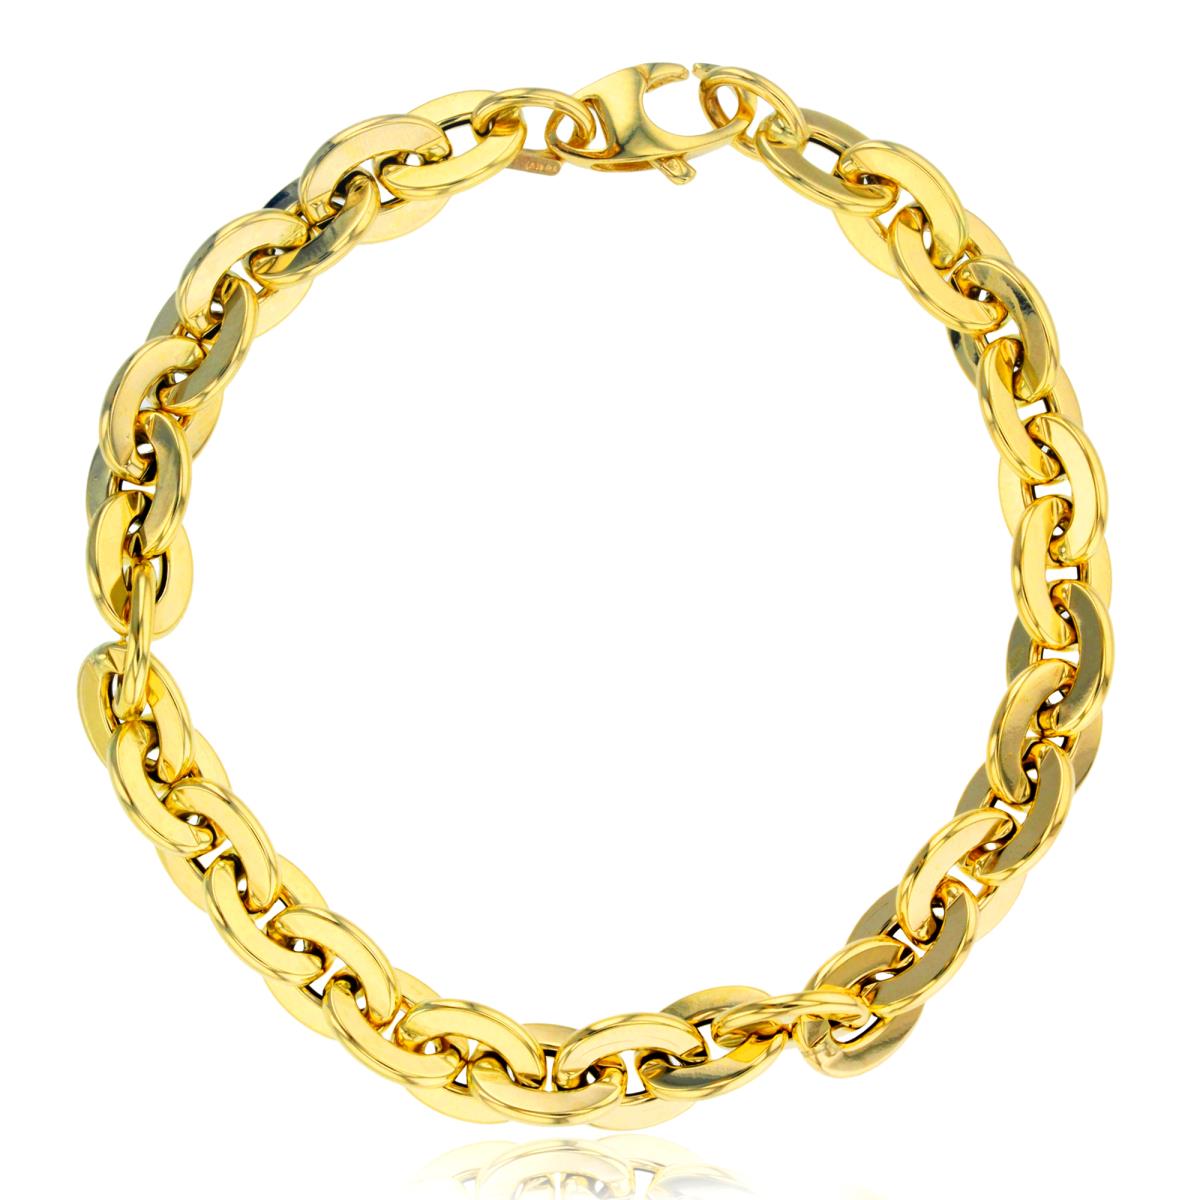 10K Yellow Gold Polished Flat Cable 7.5" Chain Bracelet
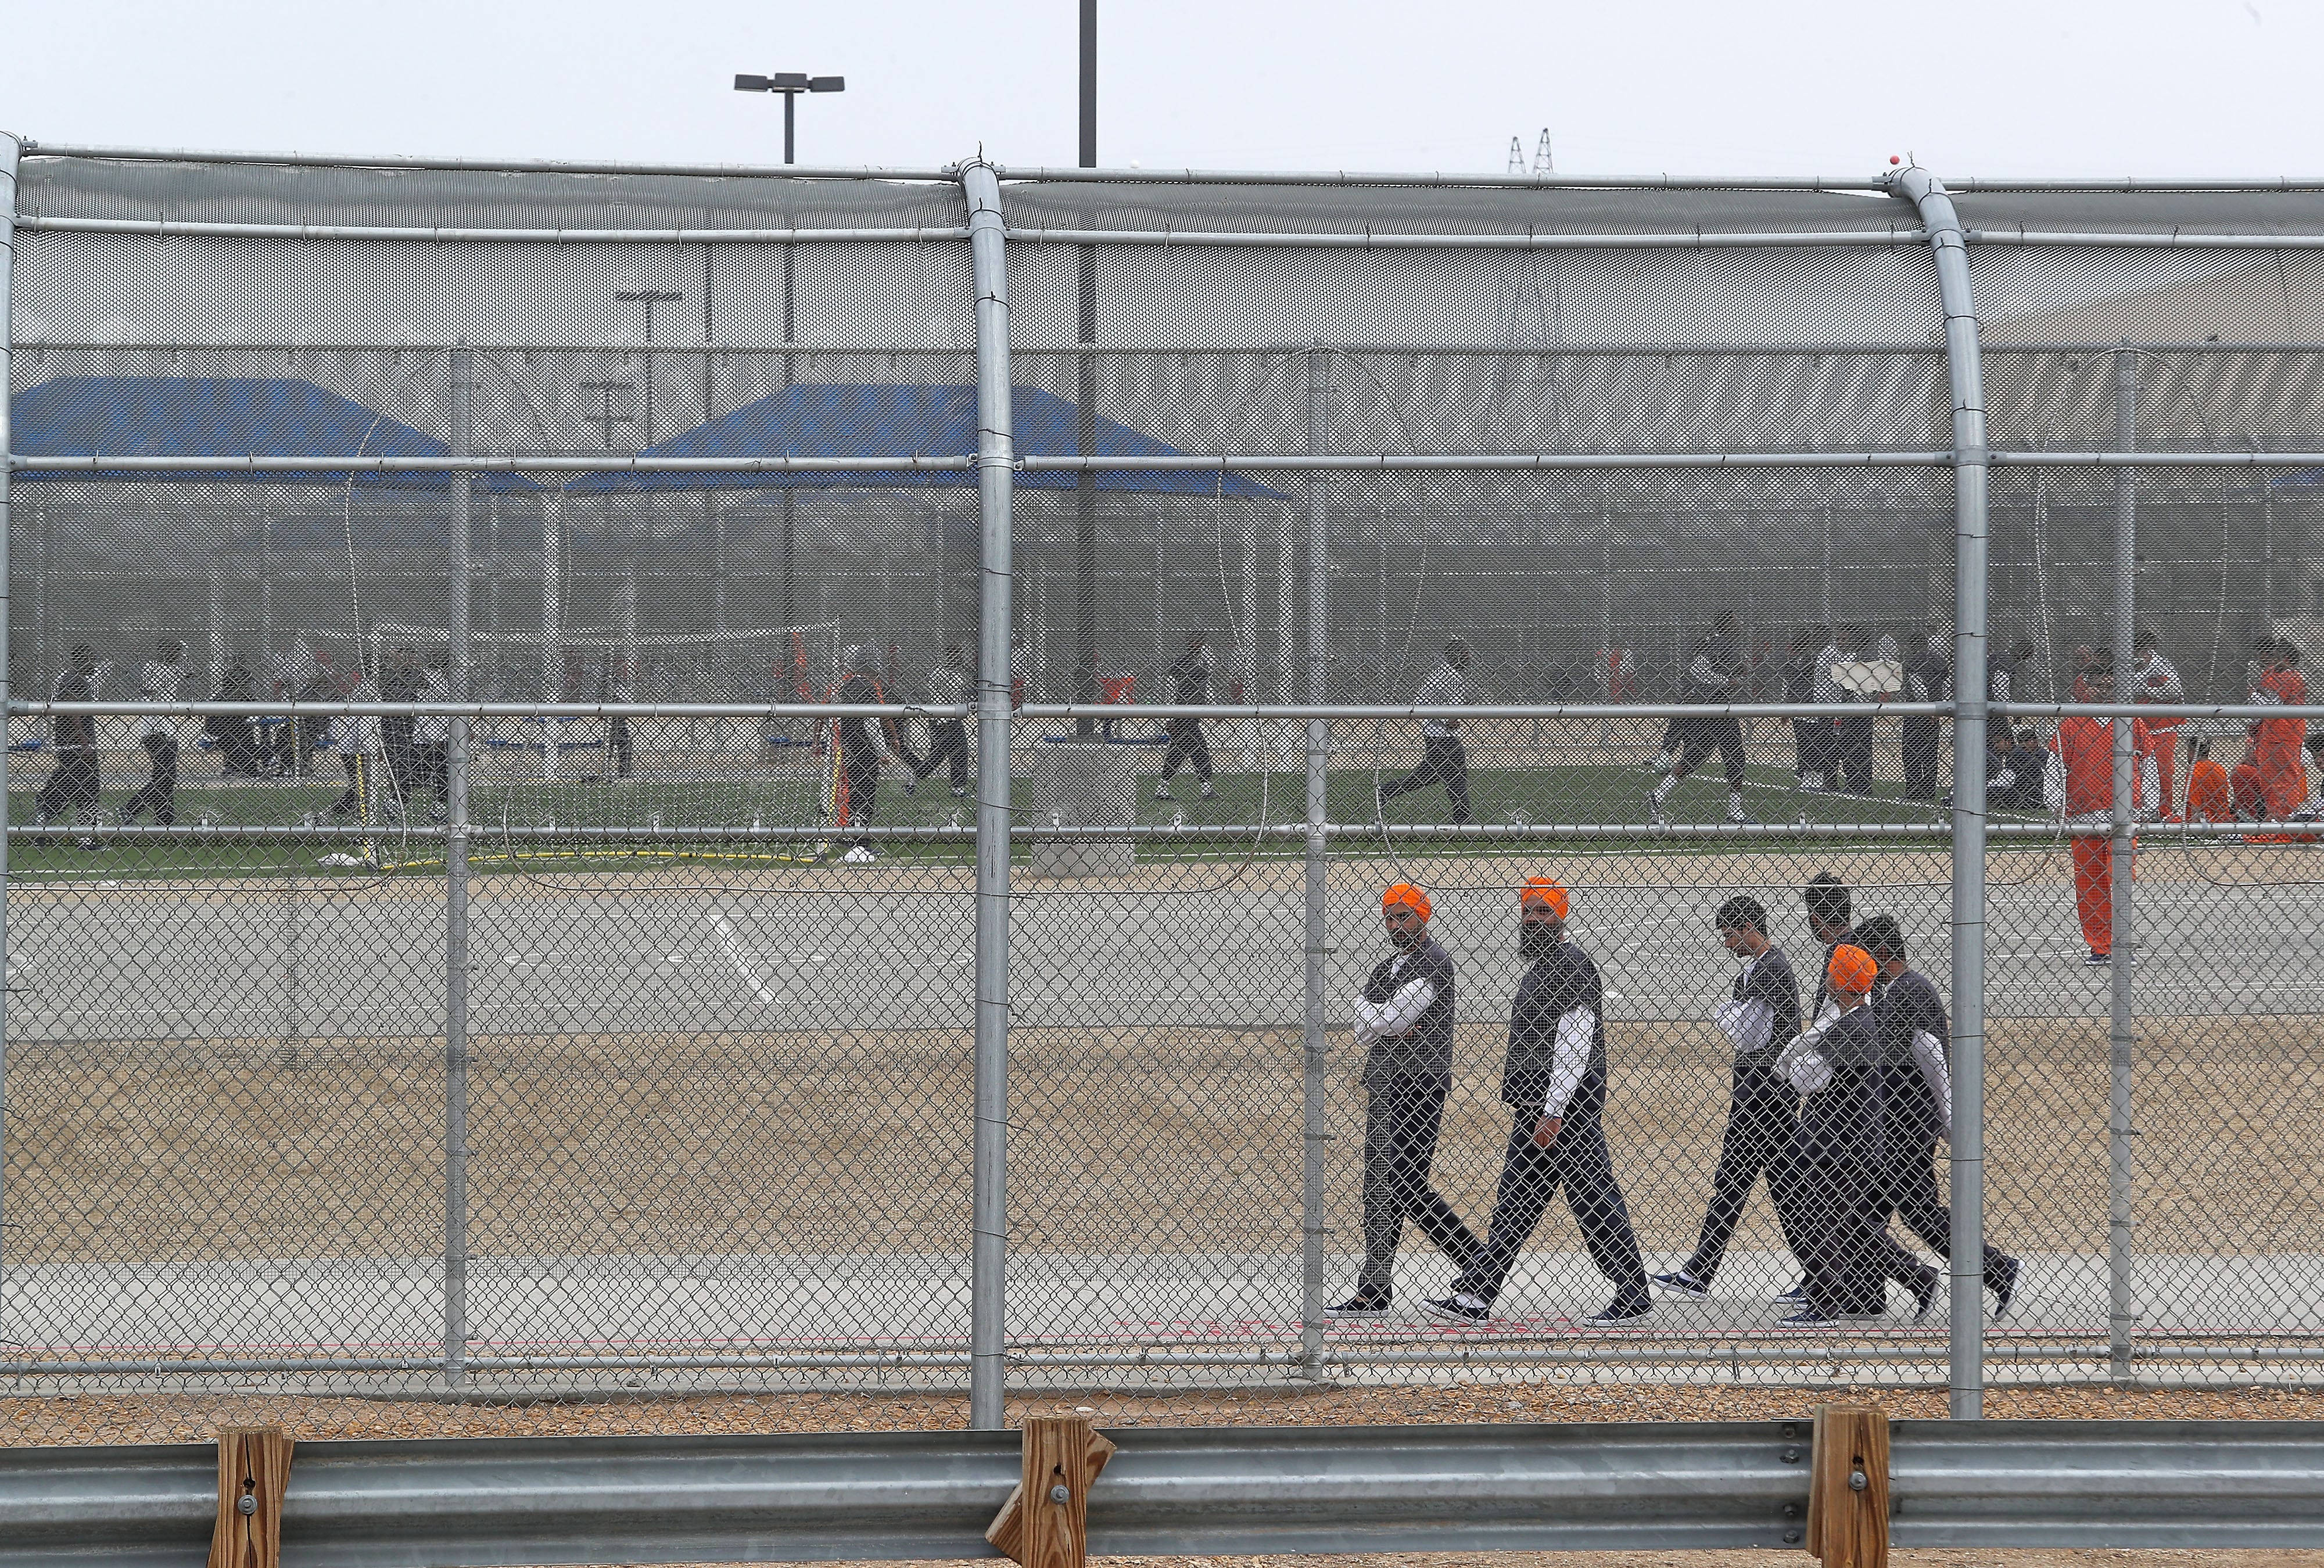 Detainees walk around outside at the U.S. Immigration and Customs Enforcement's Adelanto Processing Center in Adelanto.
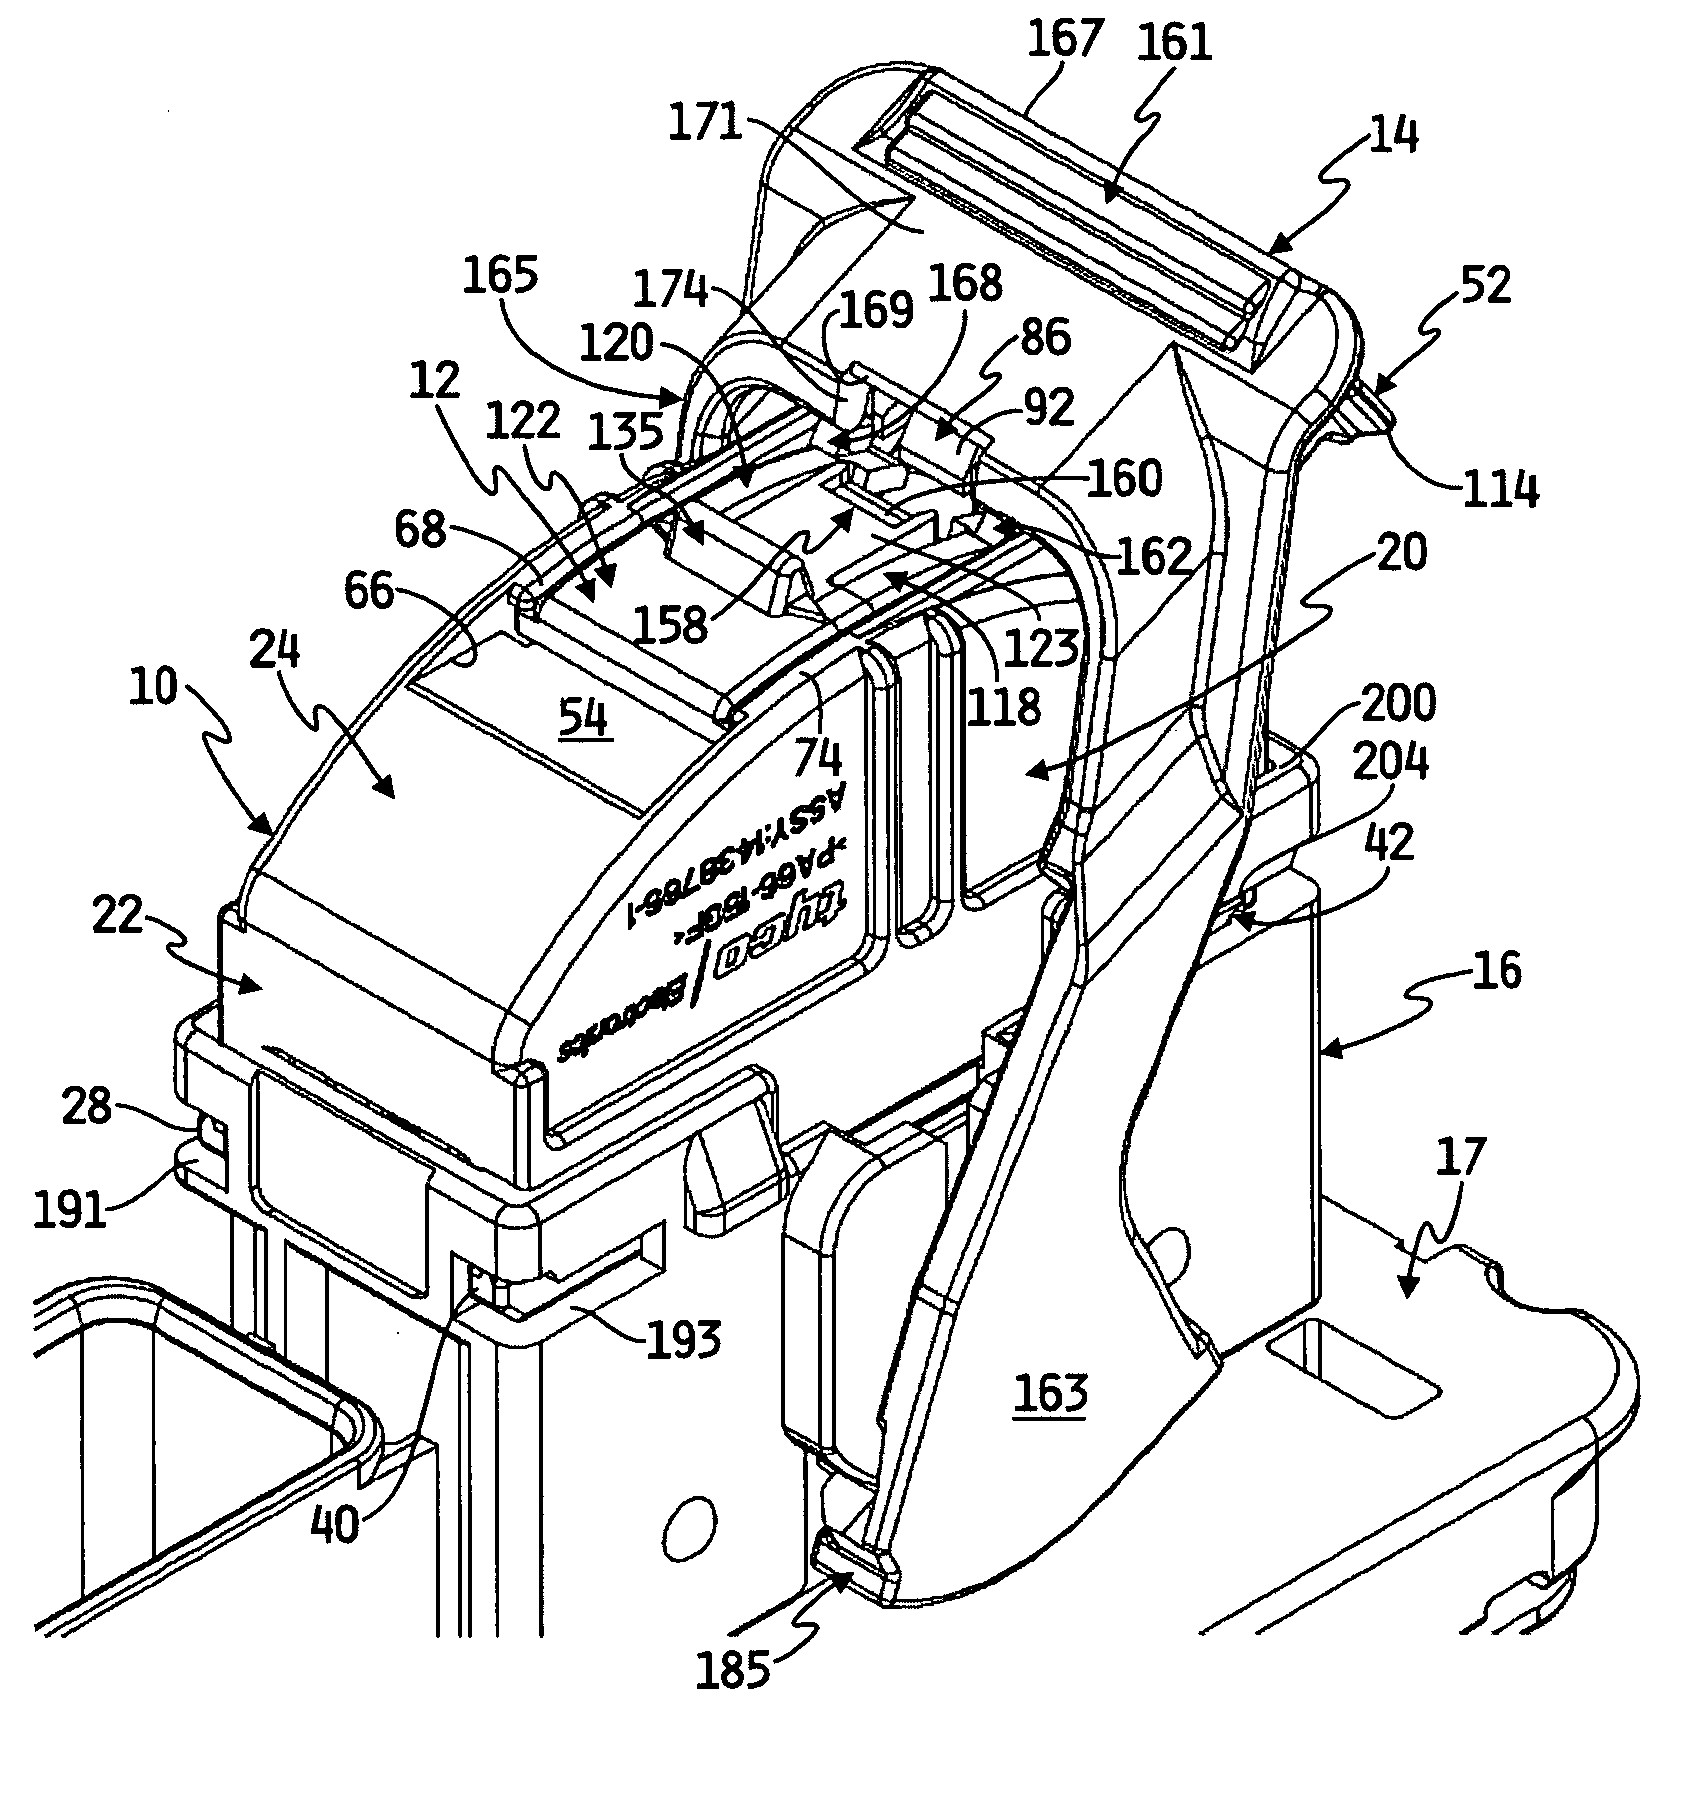 Lever mated connector assembly with a position assurance device

Your goal
Wherever a picture appears in the material above, skip it and copy the rest without change.

Response to this exercise
 10K Yellow Gold Polished Flat Cable 7.5" Chain Bracelet
 Detainees walk around outside at the U.S. Immigration and Customs Enforcement's Adelanto Processing Center in Adelanto.
 Lever mated connector assembly with a position assurance device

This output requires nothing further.